All the data below needs to be retyped exactly as shown.

#### Saved data entries:

BEGIN

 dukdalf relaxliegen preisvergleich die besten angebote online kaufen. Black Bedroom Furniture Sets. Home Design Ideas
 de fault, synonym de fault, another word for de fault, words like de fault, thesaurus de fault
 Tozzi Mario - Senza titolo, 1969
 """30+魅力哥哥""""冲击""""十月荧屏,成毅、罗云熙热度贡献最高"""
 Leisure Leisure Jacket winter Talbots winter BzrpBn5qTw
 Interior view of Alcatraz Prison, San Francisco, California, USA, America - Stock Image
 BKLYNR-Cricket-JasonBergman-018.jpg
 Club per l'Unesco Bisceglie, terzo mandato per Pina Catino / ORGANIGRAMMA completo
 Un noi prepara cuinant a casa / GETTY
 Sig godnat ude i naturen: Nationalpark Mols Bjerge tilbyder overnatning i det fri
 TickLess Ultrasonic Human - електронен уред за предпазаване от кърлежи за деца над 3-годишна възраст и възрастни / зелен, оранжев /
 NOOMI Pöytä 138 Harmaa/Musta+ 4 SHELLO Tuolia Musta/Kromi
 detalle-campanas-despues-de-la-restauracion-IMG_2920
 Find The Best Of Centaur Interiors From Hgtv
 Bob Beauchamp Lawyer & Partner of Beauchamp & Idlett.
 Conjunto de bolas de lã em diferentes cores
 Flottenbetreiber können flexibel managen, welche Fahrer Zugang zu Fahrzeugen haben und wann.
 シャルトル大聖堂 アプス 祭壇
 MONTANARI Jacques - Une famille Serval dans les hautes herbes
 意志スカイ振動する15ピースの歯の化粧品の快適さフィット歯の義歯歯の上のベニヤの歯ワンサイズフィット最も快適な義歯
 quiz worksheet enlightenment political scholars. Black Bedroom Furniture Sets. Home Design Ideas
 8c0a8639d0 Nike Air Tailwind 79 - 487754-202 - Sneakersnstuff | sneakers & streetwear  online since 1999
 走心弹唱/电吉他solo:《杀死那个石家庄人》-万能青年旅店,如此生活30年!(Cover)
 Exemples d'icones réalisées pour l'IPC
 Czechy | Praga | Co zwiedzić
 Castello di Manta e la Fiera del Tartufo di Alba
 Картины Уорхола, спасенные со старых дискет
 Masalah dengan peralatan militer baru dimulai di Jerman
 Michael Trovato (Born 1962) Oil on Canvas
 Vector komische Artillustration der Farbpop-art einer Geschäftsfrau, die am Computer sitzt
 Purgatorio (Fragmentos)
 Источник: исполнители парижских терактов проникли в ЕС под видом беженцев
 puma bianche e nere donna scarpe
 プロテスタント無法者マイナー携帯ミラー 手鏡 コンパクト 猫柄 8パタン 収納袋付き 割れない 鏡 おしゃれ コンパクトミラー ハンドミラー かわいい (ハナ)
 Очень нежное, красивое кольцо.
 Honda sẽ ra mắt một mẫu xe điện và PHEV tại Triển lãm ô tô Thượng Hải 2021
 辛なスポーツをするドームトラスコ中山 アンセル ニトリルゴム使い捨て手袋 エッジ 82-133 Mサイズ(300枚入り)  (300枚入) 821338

END

#### Exercise result:
 dukdalf relaxliegen preisvergleich die besten angebote online kaufen. Black Bedroom Furniture Sets. Home Design Ideas
 de fault, synonym de fault, another word for de fault, words like de fault, thesaurus de fault
 Tozzi Mario - Senza titolo, 1969
 """30+魅力哥哥""""冲击""""十月荧屏,成毅、罗云熙热度贡献最高"""
 Leisure Leisure Jacket winter Talbots winter BzrpBn5qTw
 Interior view of Alcatraz Prison, San Francisco, California, USA, America - Stock Image
 BKLYNR-Cricket-JasonBergman-018.jpg
 Club per l'Unesco Bisceglie, terzo mandato per Pina Catino / ORGANIGRAMMA completo
 Un noi prepara cuinant a casa / GETTY
 Sig godnat ude i naturen: Nationalpark Mols Bjerge tilbyder overnatning i det fri
 TickLess Ultrasonic Human - електронен уред за предпазаване от кърлежи за деца над 3-годишна възраст и възрастни / зелен, оранжев /
 NOOMI Pöytä 138 Harmaa/Musta+ 4 SHELLO Tuolia Musta/Kromi
 detalle-campanas-despues-de-la-restauracion-IMG_2920
 Find The Best Of Centaur Interiors From Hgtv
 Bob Beauchamp Lawyer & Partner of Beauchamp & Idlett.
 Conjunto de bolas de lã em diferentes cores
 Flottenbetreiber können flexibel managen, welche Fahrer Zugang zu Fahrzeugen haben und wann.
 シャルトル大聖堂 アプス 祭壇
 MONTANARI Jacques - Une famille Serval dans les hautes herbes
 意志スカイ振動する15ピースの歯の化粧品の快適さフィット歯の義歯歯の上のベニヤの歯ワンサイズフィット最も快適な義歯
 quiz worksheet enlightenment political scholars. Black Bedroom Furniture Sets. Home Design Ideas
 8c0a8639d0 Nike Air Tailwind 79 - 487754-202 - Sneakersnstuff | sneakers & streetwear  online since 1999
 走心弹唱/电吉他solo:《杀死那个石家庄人》-万能青年旅店,如此生活30年!(Cover)
 Exemples d'icones réalisées pour l'IPC
 Czechy | Praga | Co zwiedzić
 Castello di Manta e la Fiera del Tartufo di Alba
 Картины Уорхола, спасенные со старых дискет
 Masalah dengan peralatan militer baru dimulai di Jerman
 Michael Trovato (Born 1962) Oil on Canvas
 Vector komische Artillustration der Farbpop-art einer Geschäftsfrau, die am Computer sitzt
 Purgatorio (Fragmentos)
 Источник: исполнители парижских терактов проникли в ЕС под видом беженцев
 puma bianche e nere donna scarpe
 プロテスタント無法者マイナー携帯ミラー 手鏡 コンパクト 猫柄 8パタン 収納袋付き 割れない 鏡 おしゃれ コンパクトミラー ハンドミラー かわいい (ハナ)
 Очень нежное, красивое кольцо.
 Honda sẽ ra mắt một mẫu xe điện và PHEV tại Triển lãm ô tô Thượng Hải 2021
 辛なスポーツをするドームトラスコ中山 アンセル ニトリルゴム使い捨て手袋 エッジ 82-133 Mサイズ(300枚入り)  (300枚入) 821338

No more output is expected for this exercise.